The code word for the letter H is heir.

A homophone of air.

The letter I

The code word for the letter I is ingénue.

Other possibilities for I include irk and Iatmul.

The letter J

The code word for the letter J is jipijapa.

The OED includes fewer words than you might expect that have an initial J pronounced as H. I chose this one, instead of a more common word like jicama, because it's so fun.

The letter K

The code word for the letter K is knead.

A homophone of the more common need.

The letter L

The code word for the letter L is llareta.

The letter L is the only letter for which I had to resort to Webster over the OED. If you have any better ideas, please post a comment!

The letter M

The code word for the letter M is mneme.

The letter N

The code word for the letter N is ngoma.

The letter O

The code word for the letter O is oneing.

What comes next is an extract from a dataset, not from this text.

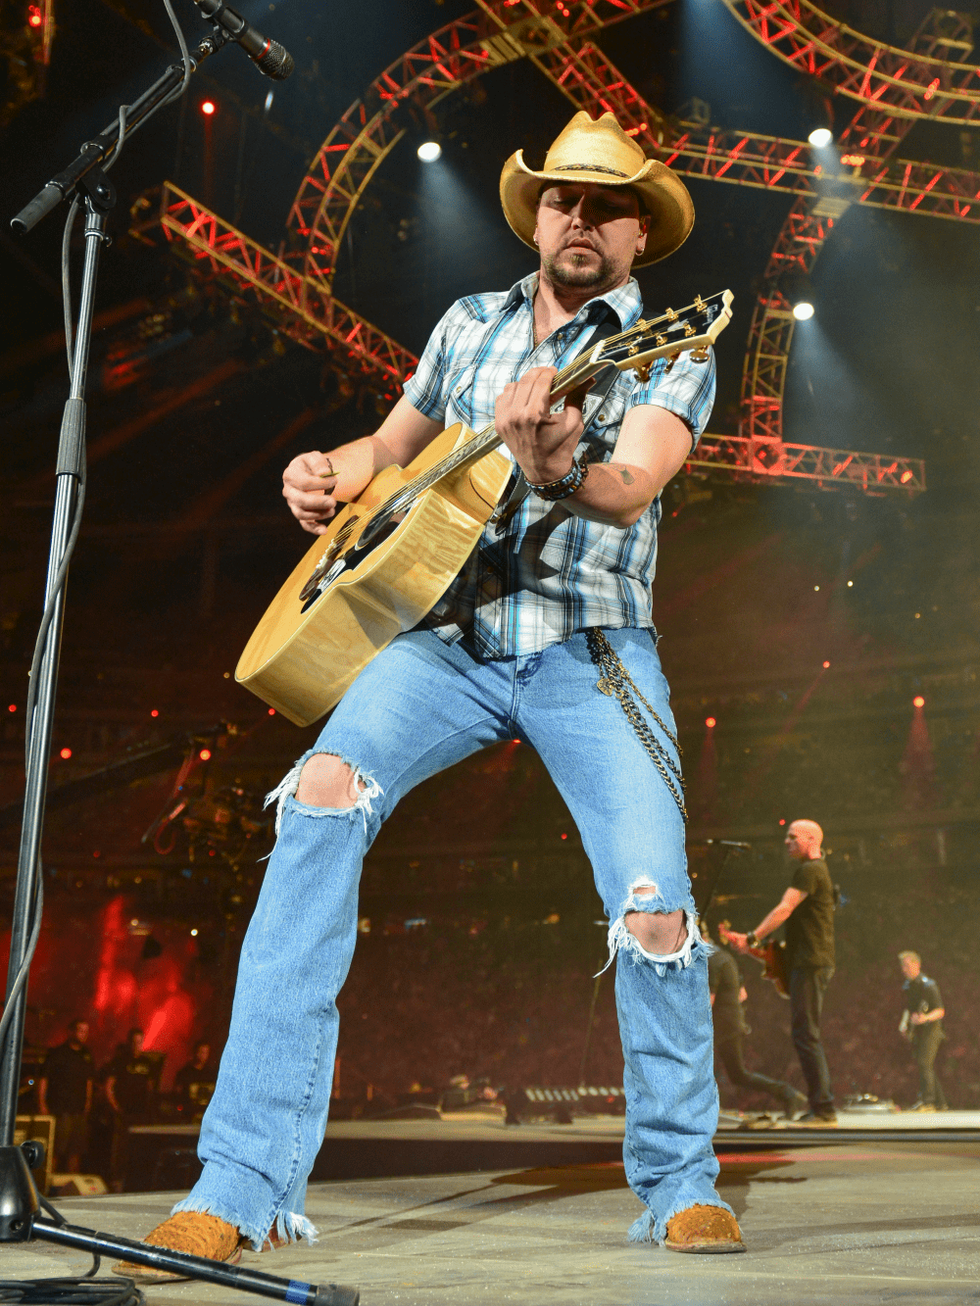 Jason Aldean celebrates redneck culture at rambunctious Rodeo concert -  CultureMap Houston

Other options include Oaxaca, oenology, and one. It's tempting to have oenology be a word in the NAPA, but oneing won out.

One was a contender, and it has the advantage of being a homophone, but it is more common than its homophone won, and that defeats the whole purpose.

The letter P

The code word for the letter P is pteris.

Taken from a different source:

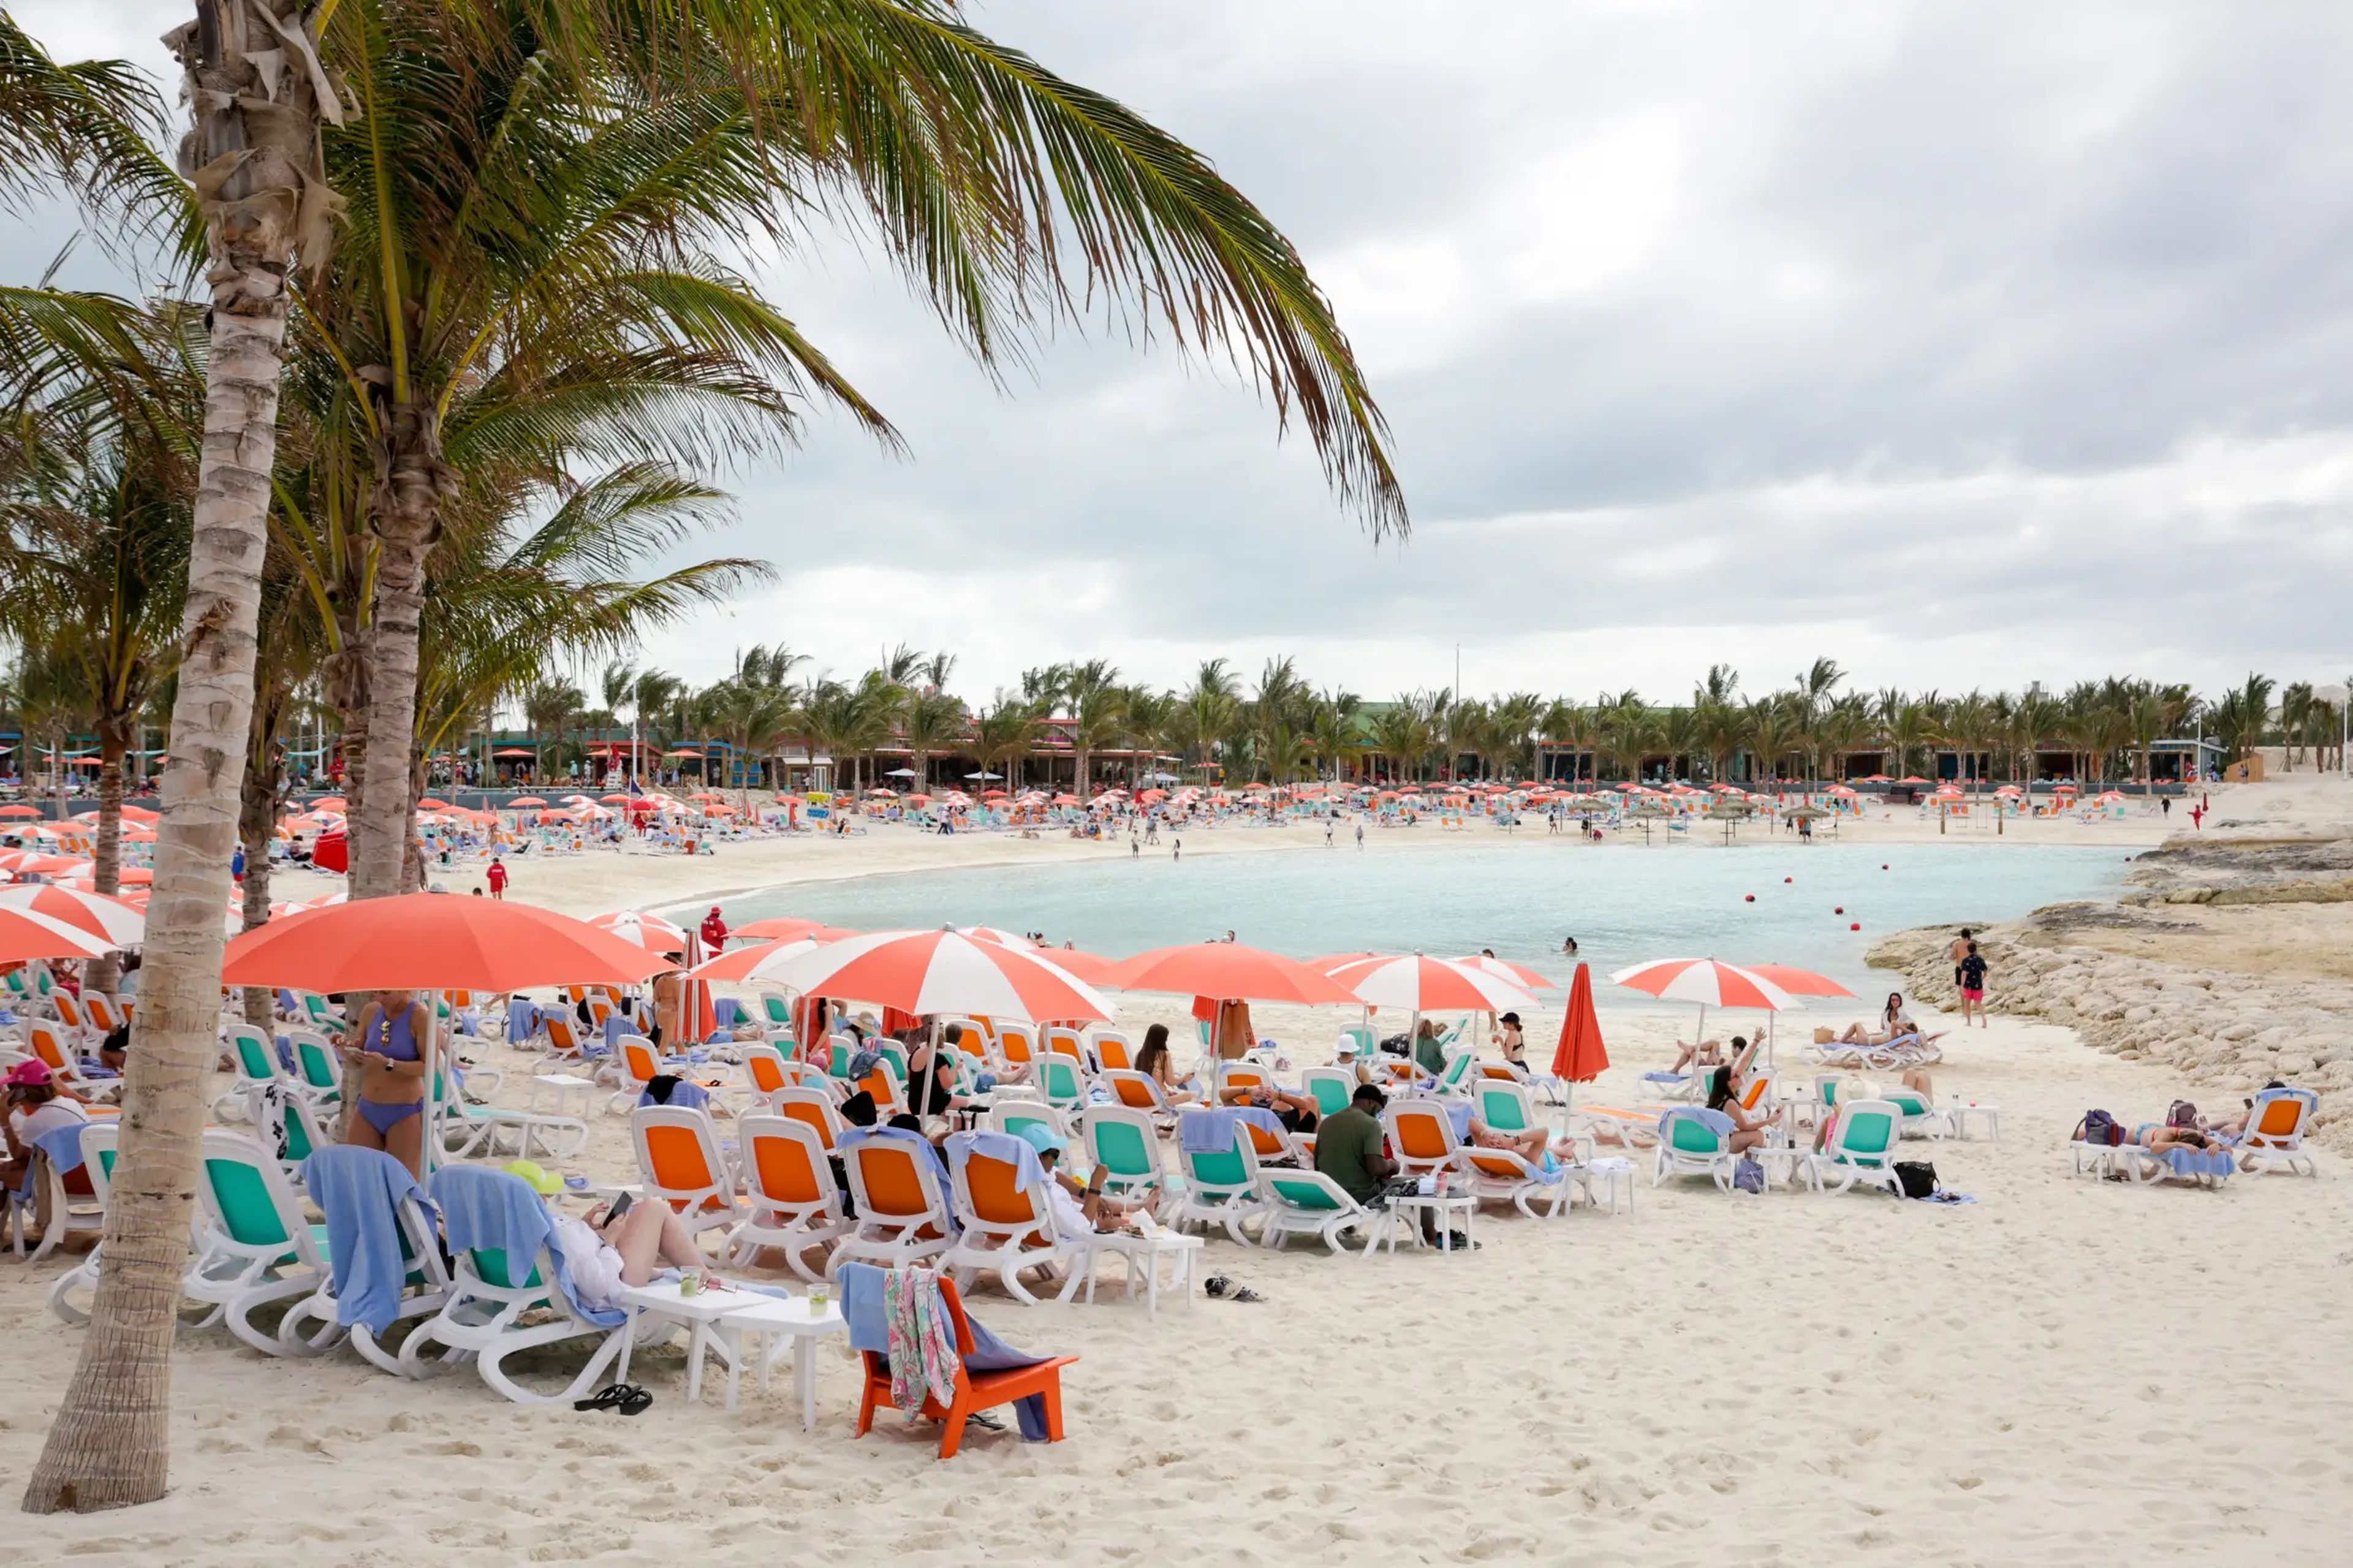 Royal Caribbean inauguró en enero Hideaway Beach, la nueva sección exclusiva para adultos de su isla privada Perfect Day at CocoCay.

This is a homophone for terrace. There are many other P words to choose from, including the various ph-, ps-, and pt- words, but the only other homophone I could come up with was psylla, which is homophonic to Scylla.

The letter Q

The code word for the letter Q is qi.

The letter R

The code word for the letter R is rath.

This is a homophone of wrath. It's another example where I had to resort to acrophony.

The letter S

The code word for the letter S is segar.

The third acrophonic word in the NAPA. I considered sgraffito and seidel, but segar seemed best.

The letter T

The code word for the letter T is Tlingit.

The letter U

The code word for the letter U is uakari.

The letter V

The code word for the letter V is voetganger.

The letter W

The code word for the letter W is wrest.

Homophonic to the more common rest.

The letter X

The code word for the letter X is Xhosa.

Xi (the Greek letter) would be another possibility, and the OED's first pronunciation starts with an /s/ sound. But there are too many alternate pronunciations to make it a comfortable choice.

The letter Y

The code word for the letter Y is yttric.

The letter Z

The code word for the letter Z is zwieback.